Agence France Presse (AFP)
October 16, 2012 - 12:00am
http://www.google.com/hostednews/afp/article/ALeqM5i9qbZg5fvJjytMOWYKyaof9UgmEA?...


RAMALLAH, Palestinian Territories — French investigators into the death of Yasser Arafat will arrive on November 26 in Ramallah, where the former Palestinian leader is entombed, a Palestinian source familiar with the case said on Tuesday.

"We have been informed that the French commission of inquiry will arrive on November 26 to commence its work," the source told AFP on condition of anonymity.

"Reaching Arafat's body and taking specimens for analysis will take time, maybe several weeks or a month," the source said, adding that experts from the Institute of Radiation Physics at Switzerland's University of Lausanne would arrive at the same time as the French investigators.

"The Palestinian Authority will provide these teams with every facility in order to determine the circumstances of the death of president Yasser Arafat," the source said.

Tawfiq Tirawi, the head of the Palestinian panel on Arafat's death, told AFP last month the Palestinian Authority had decided to combine the work of the Palestinian, French and Swiss teams in an effort to establish the facts.

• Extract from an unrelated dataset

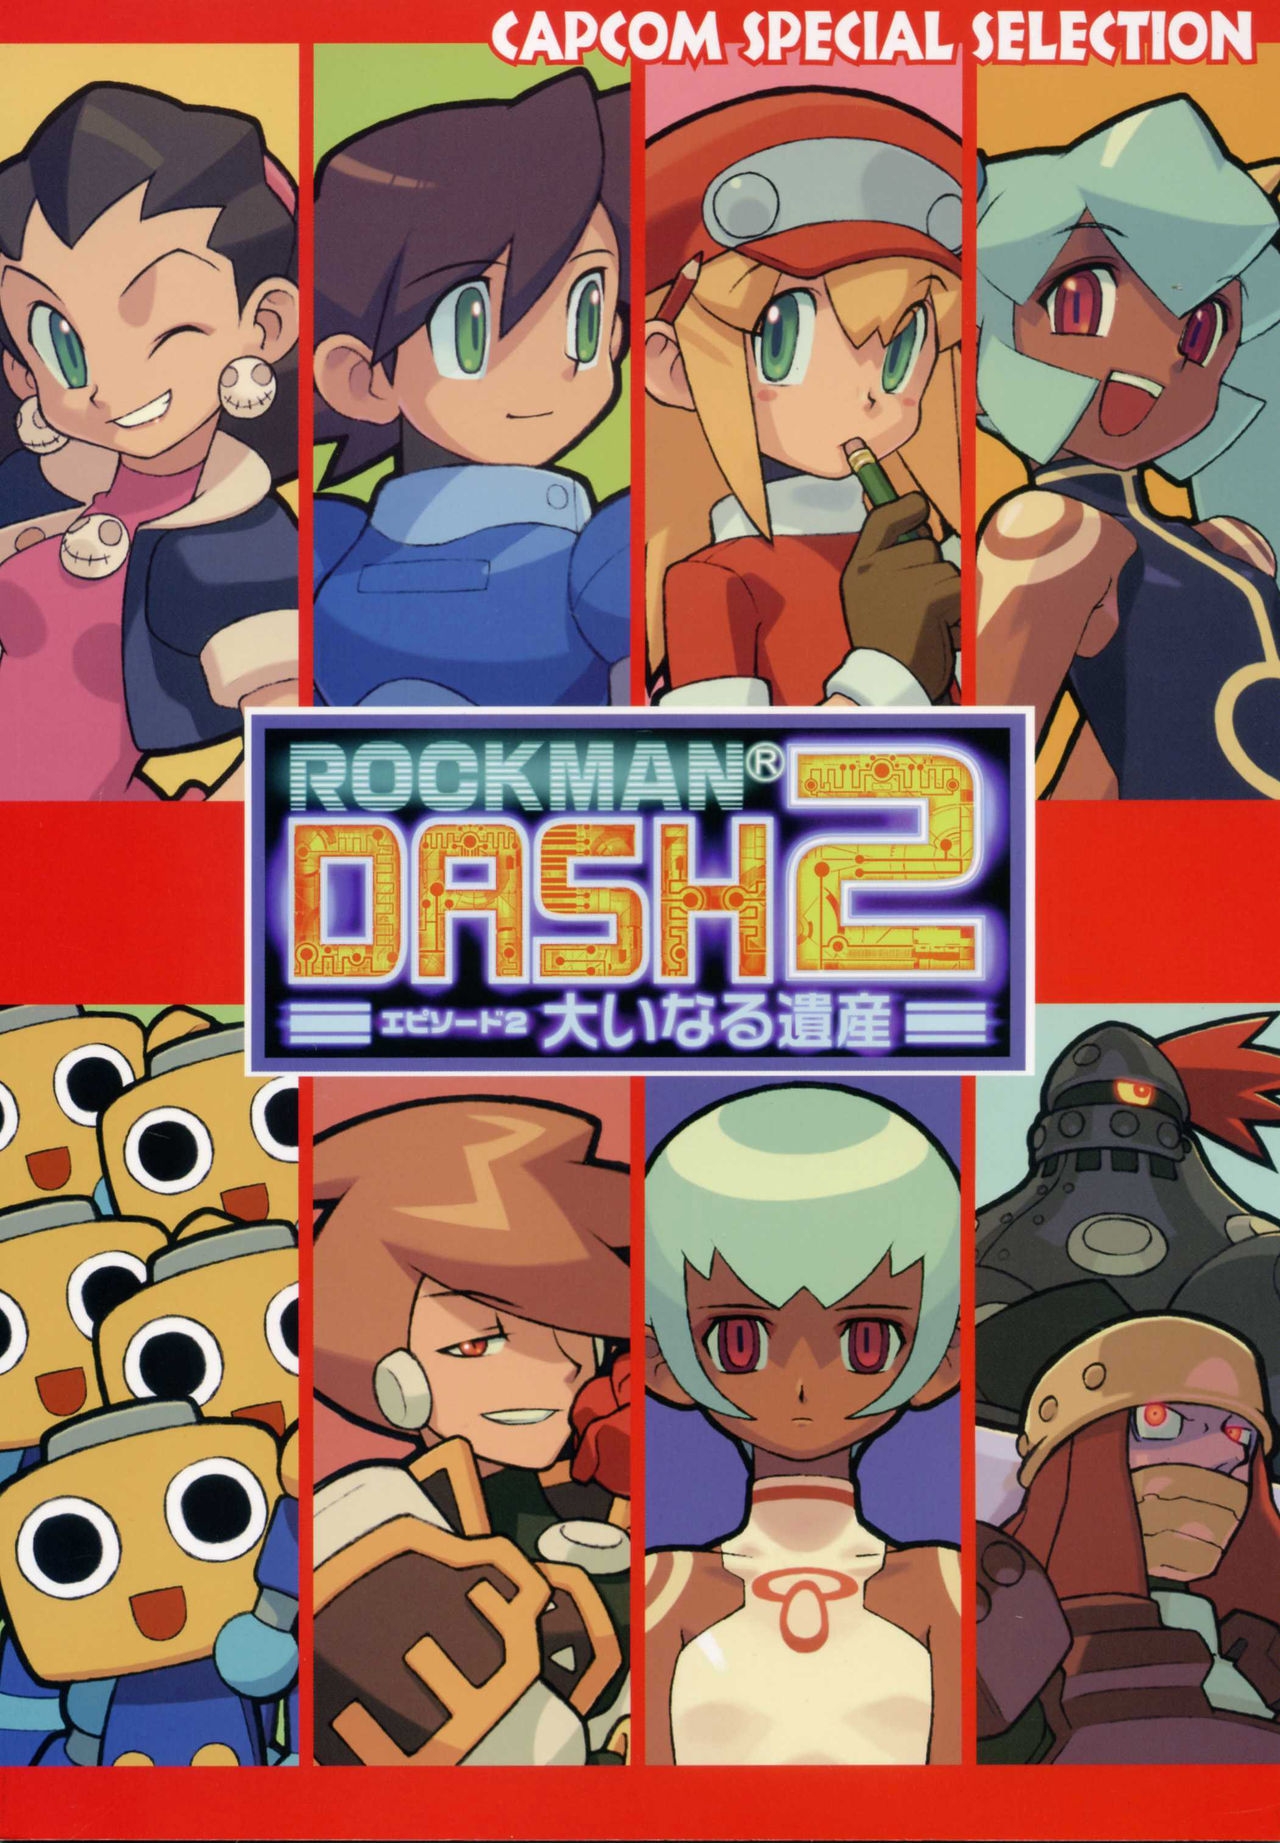 Capcom Special Selection RockMan DASH2 Artbook 0

The iconic Palestinian leader died in a French military hospital near Paris on November 11, 2004 and French experts were unable to say what had killed him, with many Palestinians subscribing to the belief that he was poisoned by Israel.

French prosecutors opened a murder inquiry in August after Al-Jazeera television broadcast an investigation in which the Swiss experts said they found high levels of radioactive polonium on Arafat's personal effects.

Polonium is a highly toxic substance rarely found outside military and scientific circles. It was used to kill former Russian spy turned Kremlin critic Alexander Litvinenko, who died in 2006 in London shortly after drinking tea laced with the poison.